Многие из качеств, необходимых для сочиняемого балета, хореограф нашел в спектаклях московского театра на Таганке, и потому привлечение к постановке Юрия Любимова было естественным. Хотя, занятый до предела своим театром, режиссер не смог уделить много времени новому для него жанру балета, но его творческий стиль в «Ярославне» явно ощутим. Его влияние чувствовалось и в лапидарном оформлении спектакля, пронизанном интонациями и символикой, свойственные древнерусскому искусству. Вспоминались знакомые с детства графика летописных шрифтов и заставок, неповторимость старинной иконописи. На фоне желтого задника с черными строками «Слова» то и дело возникали странные, но впечатляющие композиции. Безмолвный, словно сложенный из людских тел, курган, вершину которого венчала женская фигура, напоминающая намогильный крест. Или плакальщица с тряпицей, из которой в натуральное ведро выжимается не вода, а «алая кровушка».

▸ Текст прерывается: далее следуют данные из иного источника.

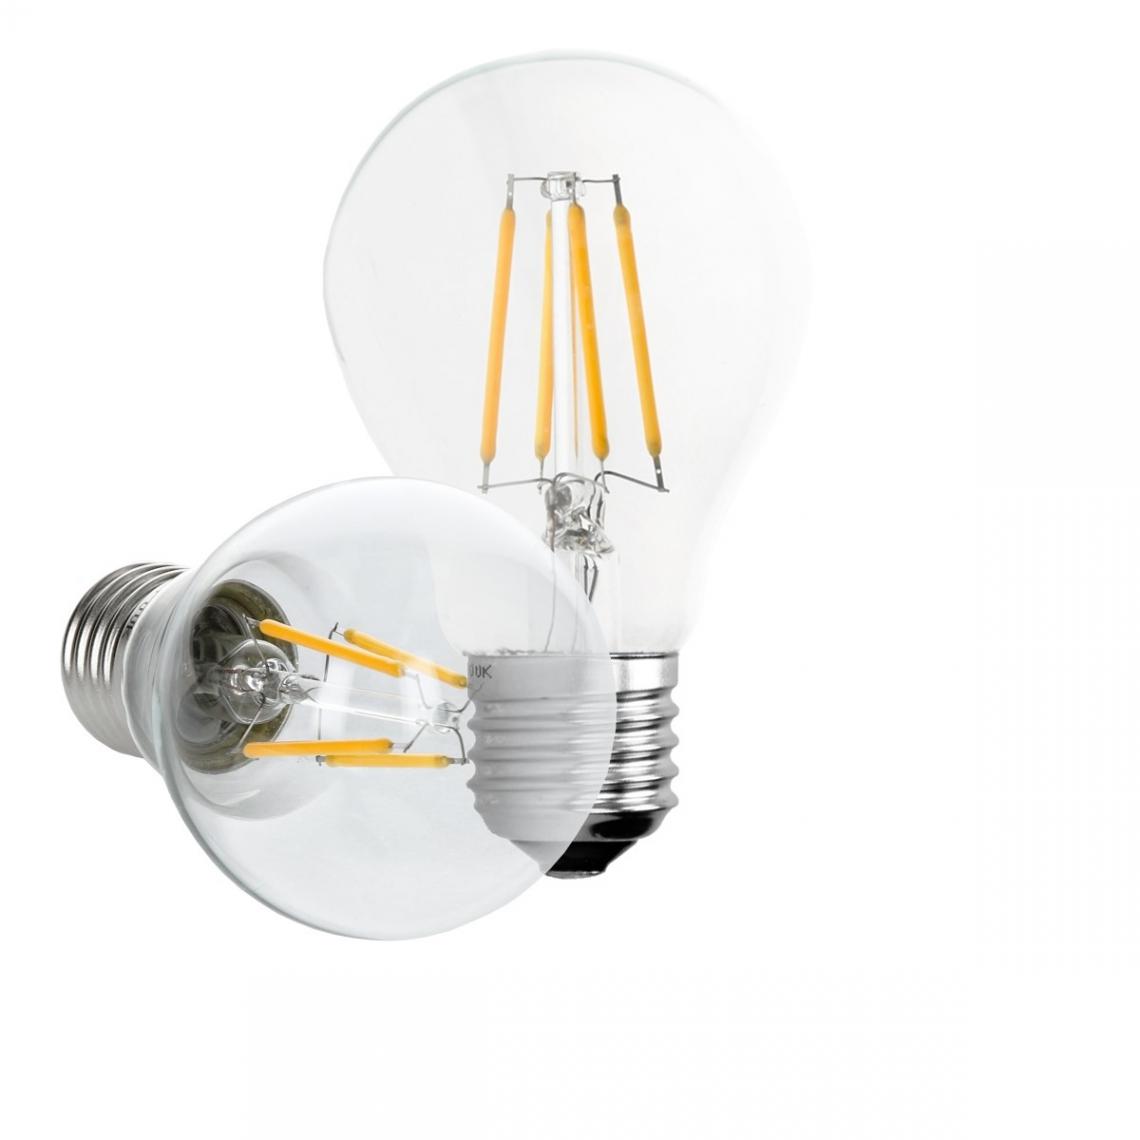 Ecd Germany - ECD Germany 4 x LED Filament de l'ampoule E27 classique Edison 4W 408 lumens 120° Angle de faisceau AC 220-240 reste caché et remplace 20W Lampe incandescente Blanc Chaud - Ampoules LED
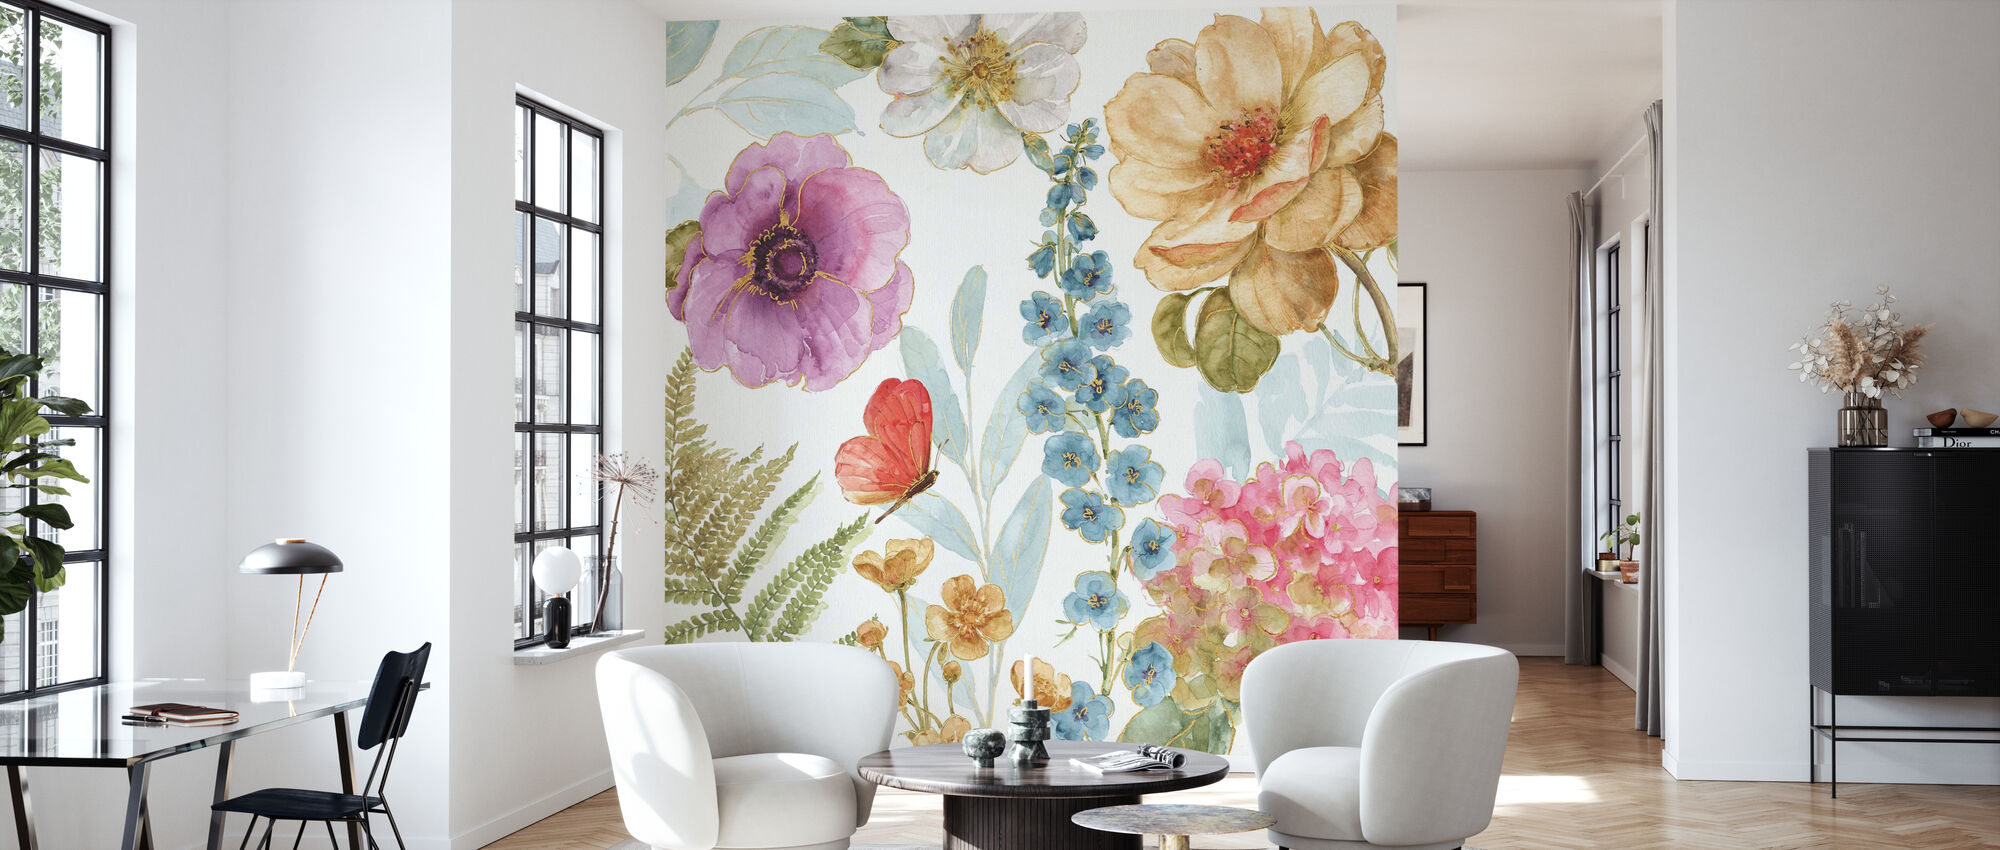 Garden Of Delight Wallpapers

Свежесть и новизна музыки Бориса Тищенко — одного из талантливейших ленинградских композиторов — была на удивление созвучна великому памятнику прошлого. С первых тактов захватывало ее динамическое разнообразие: от жалобно-печальных звуков флейты, служивших «заставкой» спектакля, до экспрессивнейших средств современной музыкальной выразительности. Роль хора, введенного композитором в хореографическое произведение, важна не только тем, что мы слышим текст «Слова». Важно и другое — балетмейстер и режиссер, вслед за композитором, строят спектакль как коллективное, хоровое действо, в котором голоса Игоря и Ярославны лишь более различимы. Первоначально балет именовался авторами «Затмением». Символика такого названия раскрывалась не только в реальном затмении солнца, как бы преграждающем путь дружине Игоревой (этот исторический факт весьма эмоционально описан в «Слове»). Затмение Игоря заключается в том, что его личное бесстрашие, героизм трагически бессмысленного похода лишь усугублял беды земли Русской. Неудача похода приблизила самое страшное из затмений — многовековой татарский полон. Создатели «Ярославны» прочли старинный текст глазами современных художников, создали спектакль-предостережение. Его жанровое обозначение — хореографические размышления — призывало зрителя, потрясенного увиденным, задуматься об уроках истории.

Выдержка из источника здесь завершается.